Post by The Mac » Wed Aug 28, 2013 3:49 am

Thanks for the advice.

1) My airflow issues are fine now, the ITV6 runs cooler.

2) i understand thats optimal, however it did not provide enough gain for the ITV4, let alone the ITV6, so i had to place it infront of the ceton and live with the marginal cable signaling.

3) I have ordered a Moto BDA-K1/RA with active return to replace my crappy radio shack special. Since its 15db forward, 10db return i will again try to place it at the entry point to also boost my marginal cable modem signals (they are sufficiently low that the extra gain shouldnt throw it out of spec) and hope there is enough gain for the card. I have no TAs.

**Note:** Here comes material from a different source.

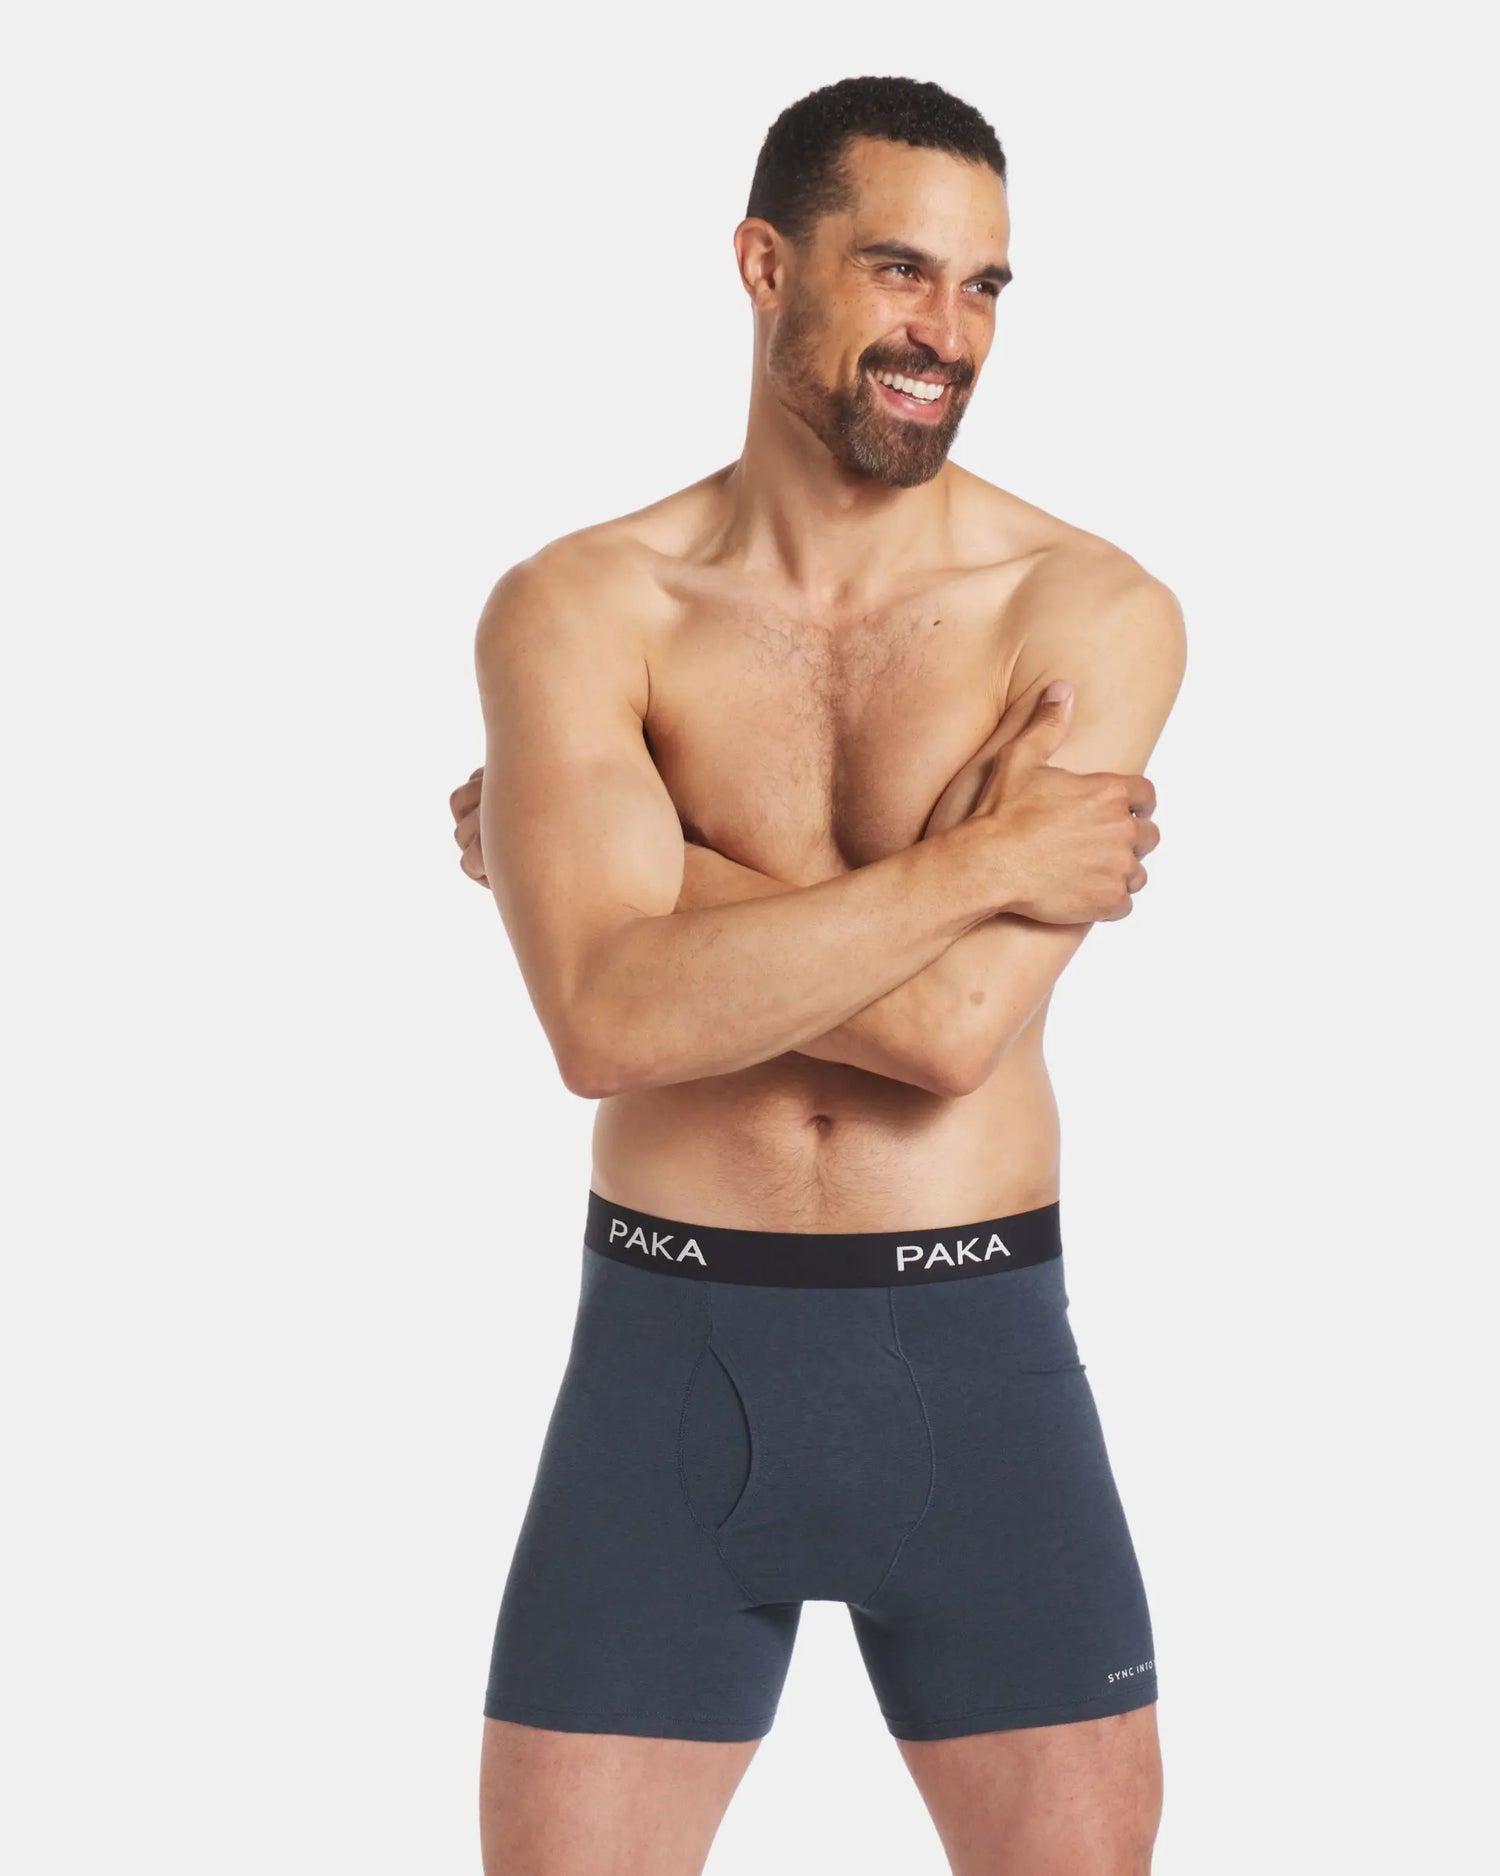 Men's blue alpaca briefs underwear on model
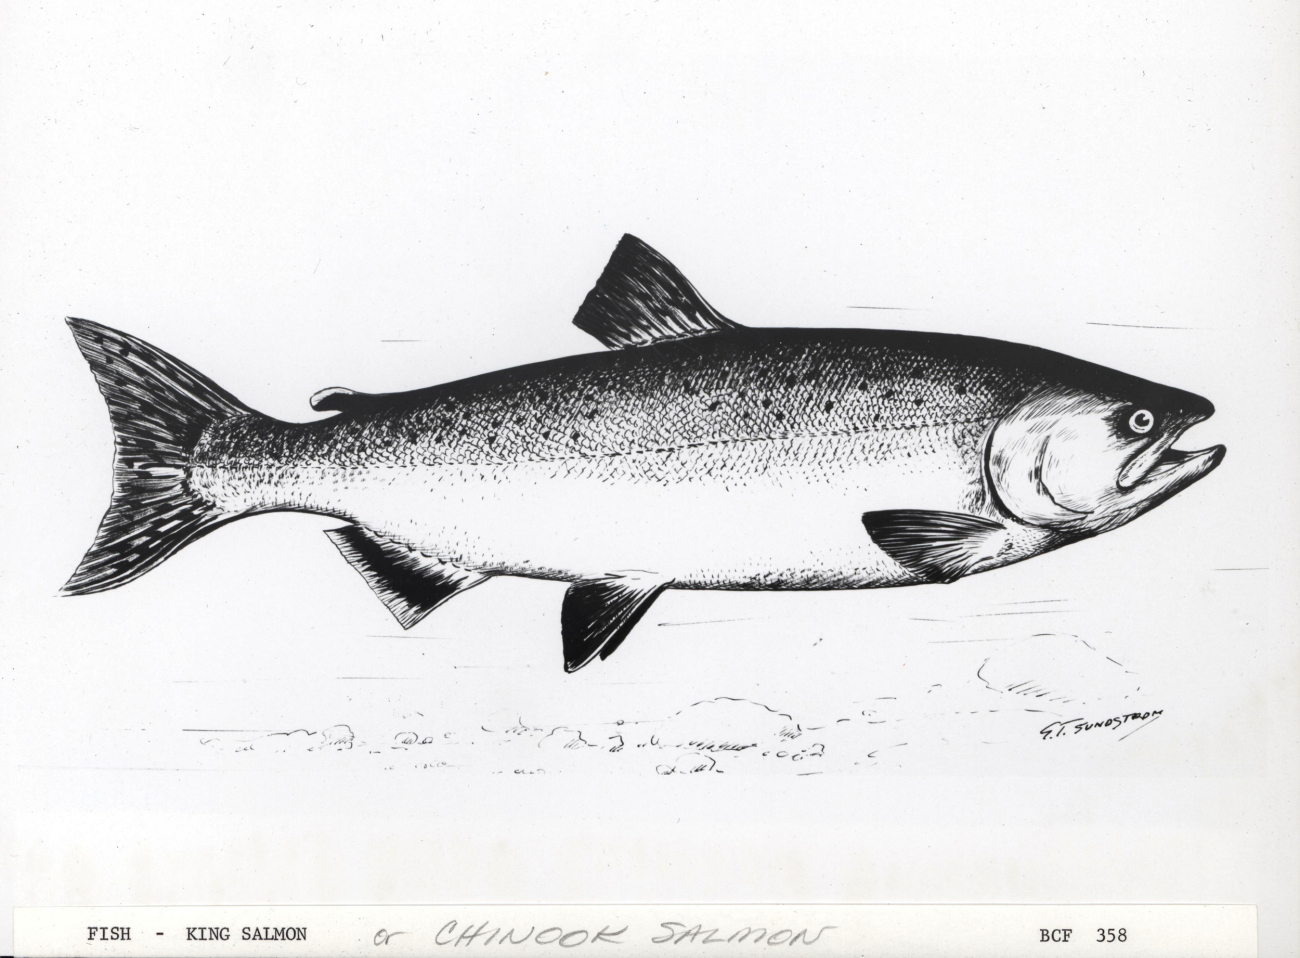 King salmon or chinook salmon drawn by G

4) With only one or two tuners operating, signal is acceptable (between -4db, and -9db) however as more tuners are engaged, the signal drops rapidly, approaching -20db by the time it get to the 4th tuner. While this was tollerable whith the ITV4, this will be unaccepable once it hits the 5th or 6th tuner in the ITV6.

5) I live in an old apartment, in a historic section of the city - read: lousy infrastructure. My cable comes in through a whole drilled through the exterior wall and a single run strung down from the roof, where the main trunk is strung across many rooftopps. The house wiring inits entirety is a sigle cable shoved through said hole and left dangling on the floor. Both my splits and equipment is litterally a foot from that dangling wire (except for the 50ft run to the cable modem) so there is little chance of signal insertion (other than the shitty external cabling).


My diagram is off because the site removed all the spaces and i had to improvise, so ill explain.

My rack is literally 1 foot from the entry point.

The cable modem is split on a 2 way splitter right after entry, the 2nd leg going to a 2nd splitter to a tv, and the ceton.

without an amp, i am lucky to get 2 of the 6 tuners to functional without macroblockering.

putting the amp at the entry point does not provide enough signal boost for the ceton, so i had to put it in front of the ceton to get any additional tuners to function

The exterior/entry cable is old, from the old analog system (replacing it would be a major pain in the ass), and all my internal cabling and splits (except for the 50ft run to the cable modem) are literally right at the entry point so there is little chance of signal insertion.